Companies placing any form of content online have little choice but to allow AI scraping robots access to their media – text, images, video. That seems to be the accepted norm in 2025, and it’s a situation that the vast majority of digital marketers have accepted.

Answers to questions like, “Who’s offering the best price on women’s trouser suits?” is likely today to be answered by an AI like Gemini, positioned above the search engine’s ‘traditional’ list of retailers’ pages that the user can manually piece their way through. Instead of howling with protest at any perceived unfairness of the situation, companies are working hard to optimise their content for better representation in AI-derived answers given by the big AI companies.

Blocking AI bots

But not all companies choose to roll with the punches and accept the ‘new normal.’ In a recent interview with Business Insider, CEO of Nextdoor, Nirav Tolia, recounts that not only does his site, nextdoor.com, block AI bots from scraping its content, but he built the company even without optimising his site for Google Search. To this day, he says, “we’ve never allowed our content to be scraped, to be distributed – we aren’t crawled by any of the search engines.”

That’s an extreme view, and a decision taken by Tolia on what he describes as ideological grounds. As he admits, refusal to allow AIs access to the community-generated content on Nextdoor means it’s incumbent on him and his team to give users the same level of customer experience that ChatGPT search users receive, but without using ChatGPT-type technology.

But Nirav Tolia’s approach is not as extreme as other content creators’ responses to the big AI engines scraping the internet for both learning materials and up-to-date content to produce in response to queries.

Sue the AI companies

There are several lawsuits in progress at present where creators and artists have decided to sue, and are taking AI companies through the courts, alleging copyright infringement of their works. Most recently of the extant dozens of cases, a group of artists has filed against Stability AI, Midjourney, Runway AI, and DeviantArt, alleging misuse of their works to train AI image-generation models.

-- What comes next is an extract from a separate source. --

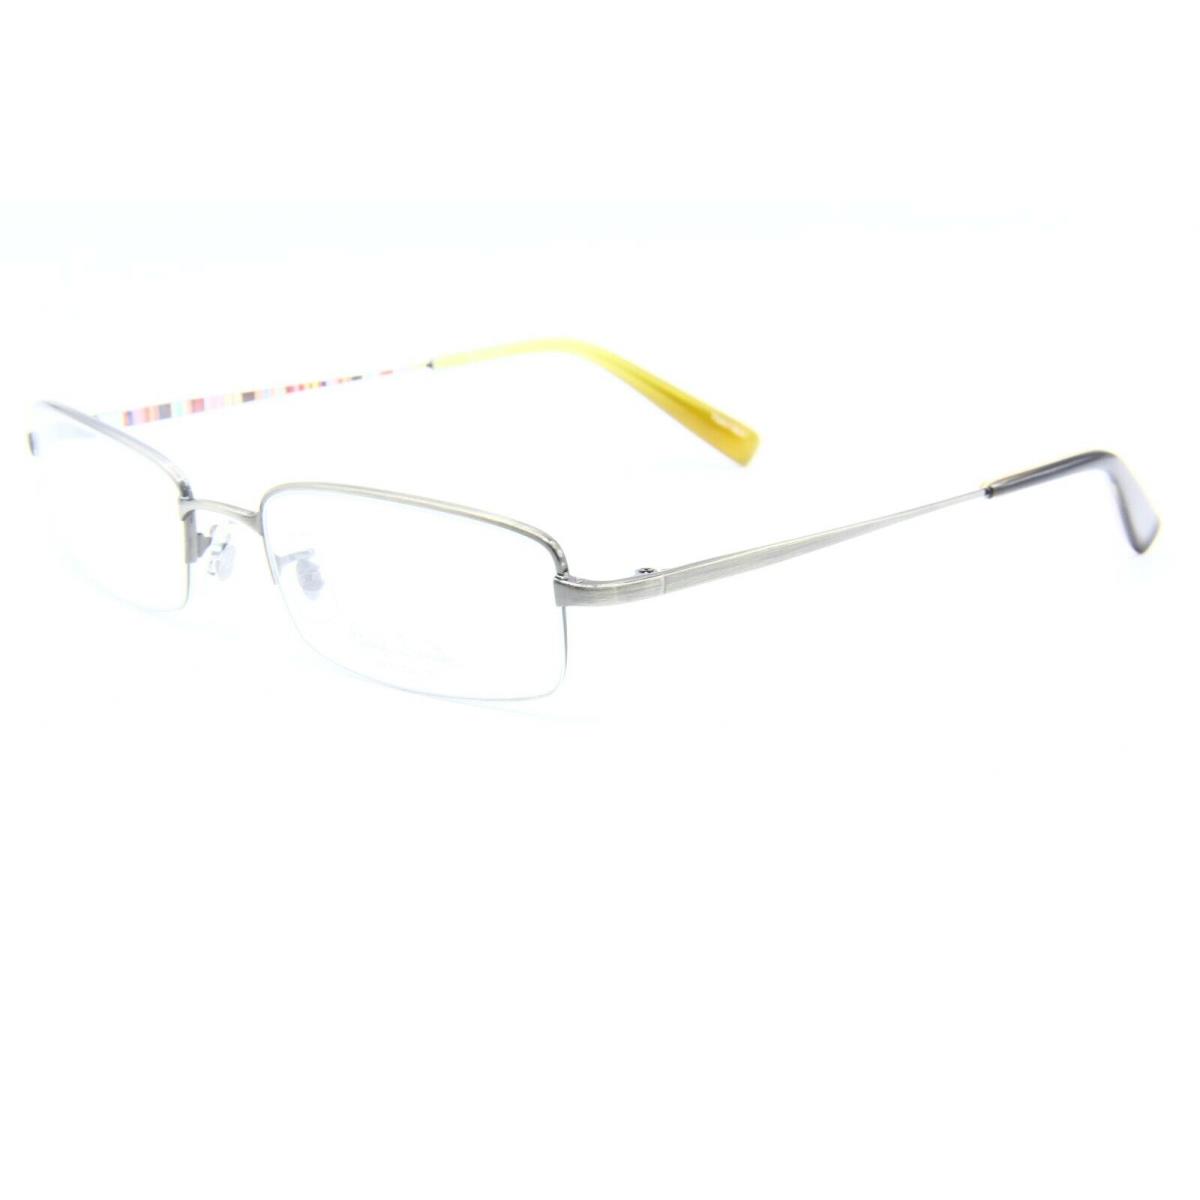 Paul Smith PS-1004 L Gray Eyeglasses Frame RX 52-17

In the biggest case of recent months and at the other end of the scale, NBCUniversal has filed against Midjourney, the AI image generation company, claiming the technology can create unauthorised images based on copyright images, such as those from the Disney pantheon and the Star Wars world.

In several courtroom and judicial battles of the past, big AI execs have stated repeatedly that scraping others’ content falls under the ‘fair use’ clause of copyright laws, implying that materials found online can be regarded as being in the public domain, as those entities gathering the materials (the AIs) don’t offer them back up in the form of imitative creations.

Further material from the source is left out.